Pre-computation - Identify address fragments with high information content.
Identify all the unique words used in each database field and count their occurrences.
Eliminate very common words and abbreviations. (Street, st., appt, apt, etc.)
When presented with an input address,
Identify the most unique word and search (Street LIKE '%Jones%') for existing addresses containing those words.
Use the pre-computed statistics to estimate how many addresses will be in the results set
If the estimated results set is too large, select the second-most unique word and combine it in the search (Street LIKE '%Jones%' AND Town LIKE '%Anytown%')
If the estimated results set is too small, select the second-most unique word and combine it in the search (Street LIKE '%Aardvark%' OR Town LIKE '%Anytown')
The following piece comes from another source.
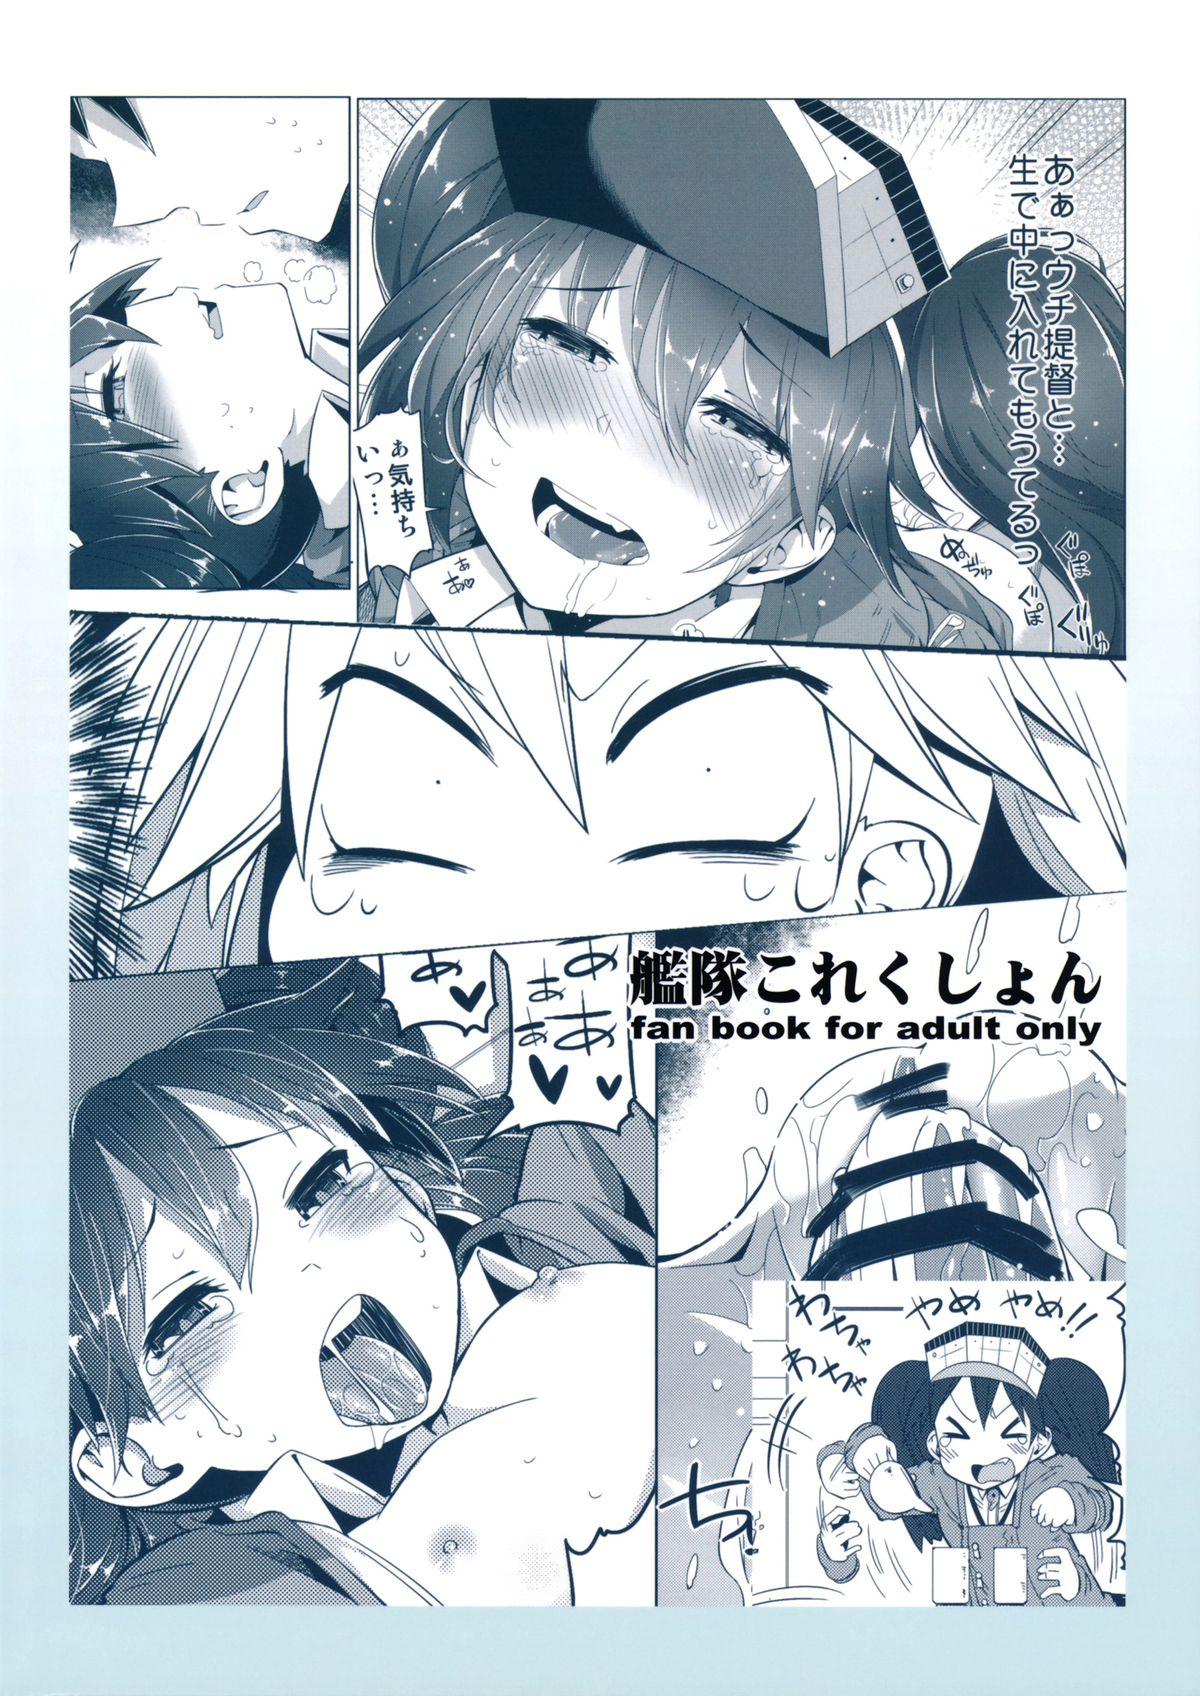 Gaysex Koi suru Otome no Miryoku wa Mune dake janai! | The Allure of a Maiden in Love isn't Only in Her Chest! - Kantai collection Students - Page 22

if the actual results set is too large/small, repeat the query adding further terms as before.
The idea is to find enough fragments with high information content in the address which can be searched for to give a reasonable number of alternatives, rather than to find the most optimal match. For more tolerance to misspelling, trigrams, tetra-grams or soundex codes could be used instead of words.
Obviously if you have lists of actual states / towns / streets then some data clean-up could take place both in the database and in the search address. (I'm very surprised the Armenian postal service does not make such a list available, but I know that some postal services charge excessive amounts for this information. )
As a practical matter, most systems I see in use try to look up people's accounts by their phone number if possible: obviously whether that is a practical solution depends upon the nature of the data and its accuracy.
(Also consider the lateral-thinking approach: could you find a mail-order mail-list broker company which will clean up your database for you? They might even be willing to pay you for use of the addresses.)
I've found a great article.
Adding some dlls as sql user-defined functions we can use string comparison algorithms using SimMetrics library.
Check it
http://anastasiosyal.com/archive/2009/01/11/18.aspx
the possibilities of such variations are countless and even if such an algorithm exists, it can never be fool-proof. u can't have a spell checker for nouns after all.
what you can do is provide a drop-down list of previously entered field values, so that they can select one, if a particular name already exists.
its better to have separate fields for each value like apartments and so on.
You could throw all addresses at a web service like Google Maps (I don't know whether this one is suitable, though) and see whether they come up with identical GPS coordinates.
One method could be to apply the Levenshtein distance algorithm to the address fields. This will allow you to compare the strings for similarity.
Edit
After looking at the kinds of address differences you are dealing with, this may not be helpful after all.
Another idea is to use learning. For example you could learn, for each abbreviation and its place in the sentence, what the abbreviation means.
3 Jane Dr. -> Dr (in 3rd position (or last)) means Drive
Dr. Jones St -> Dr (in 1st position) means Doctor
You could, for example, use decision trees and have a user train the system. Probably few examples of each use would be enough. You wouldn't classify single-letter abbreviations like D.Jones that could be David Jones, or Dr. Jones as likely. But after a first level of translation you could look up a street index of the town and see if you can expand the D. into a street name.
Again, you would run each address through the decision tree before storing it.
It feels like there should be some commercial products doing this out there.
A possibility is to have a dictionary table in the database that maps all the variants to the 'proper' version of the word:
*Value* | *Meaning*
Apt. | Apartment
Ap. | Apartment
St. | Street
Then you run each word through the dictionary before you compare.
Edit: this alone is too naive to be practical (see comment).